Aside from the policy implications of Paul Ryan’s new poverty plan, and its collision with the fiscal priorities he so recently championed, Ross Douthat raises the internal GOP question of whether he’s now assumed leadership of the reformicons who had more or less given up on him. The answer from Ross is a pretty emphatic “yes:”
Taken as a whole, this document basically eliminates the daylight that existed between “Ryanism” and reform conservatism on safety net reform. As I discussed two weeks ago, the reformocon quasi-movement has tended to view some of the projected discretionary cuts in the Ryan budgets as implausible and/or unnecessary, and generally prefers a revenue-neutral overhaul of the safety net that spends more on some programs (an E.I.T.C. expansion or wage subsidy, most notably) while cutting others and devolving others to the states.

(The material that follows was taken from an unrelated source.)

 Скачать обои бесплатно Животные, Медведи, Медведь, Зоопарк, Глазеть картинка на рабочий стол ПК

That’s basically what Ryan is proposing here, in a more detailed form than we’ve seen from any other figure of his stature to date, which means that there is now pretty clear unity (on this set of issues) between the House Budget chairman and the wonks who have praised him on entitlement reform, health care reform and other issues in the past.
At the same time, Ryan’s blueprint synthesizes “reformocon” ideas with proposals that fit pretty easily under the other possible rubric for a renovated conservative domestic policy — libertarian populism, a framework associated with writers like Ben Domenech and Conn Carroll and Tim Carney, and one that’s been much discussed in this space. That is, in addition to the safety-net overhaul, Ryan includes proposals for criminal-justice reform, cuts to corporate welfare, and an attack on “regressive regulations” like occupational licensing — all areas where libertarian ideas might help move the G.O.P. away from its “party of the rich white people” brand, and/or where a libertarian critique of state power is plausibly connected to the interests of the working class and poor. (Utah Senator Mike Lee has also been working toward this kind of synthesis; it’s his sentencing reform proposal that Ryan endorses.) It’s always been clear, I think, that the two varieties of reform can overlap in productive ways; this is a case study in what that might look like.

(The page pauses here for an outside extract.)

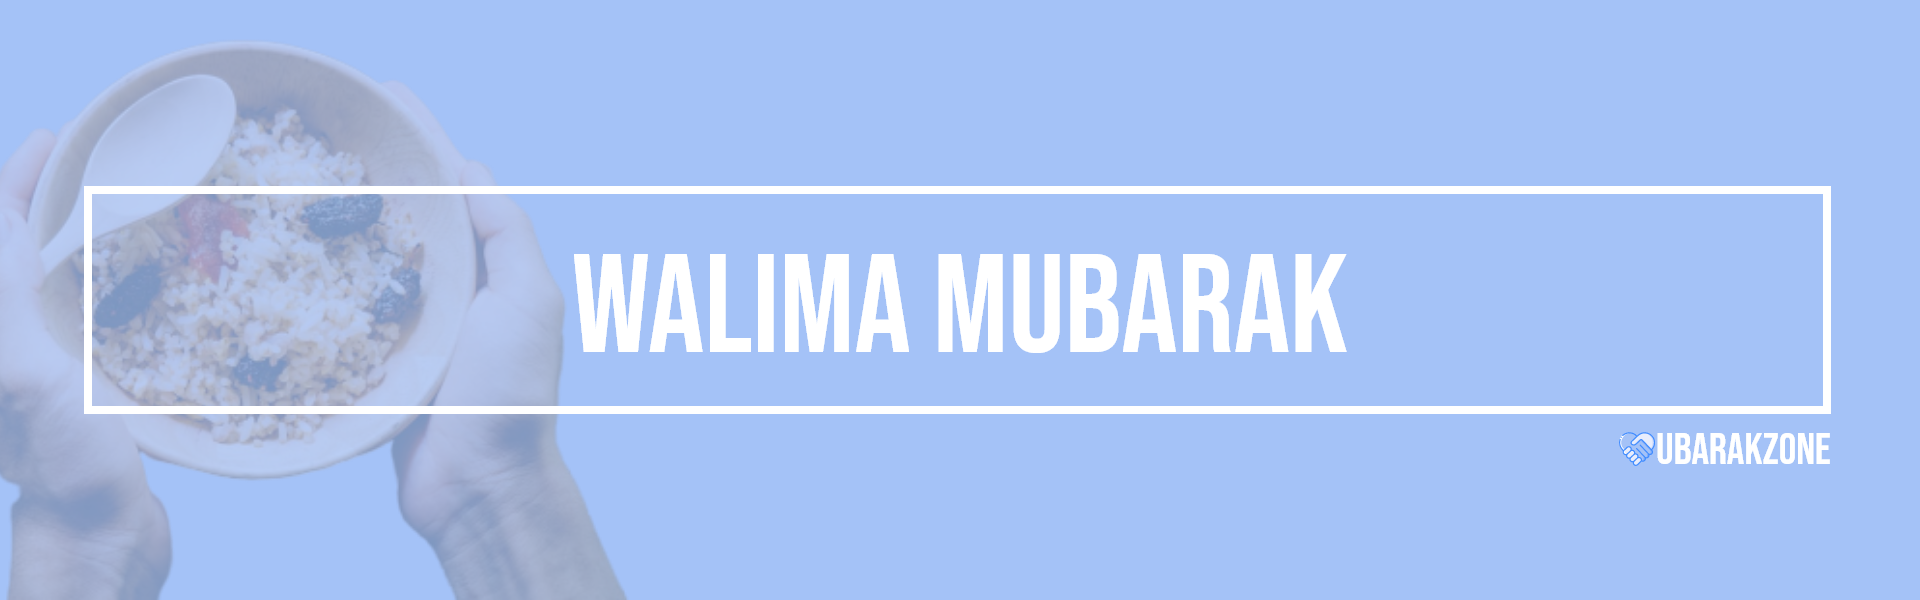 walima mubarak wishes messages

Douthat even gives Ryan credit for creating the “policy space” for reformicon ideas by going after Medicare and (back in 2005) Social Security, showing where the money would come from for “reformed” social spending. So I guess all the nastiness associated with him was just a big prelude to this moment.
I expect to hear renewed talk about Ryan ’16 any day now. And he didn’t even have to make a trip to Iowa.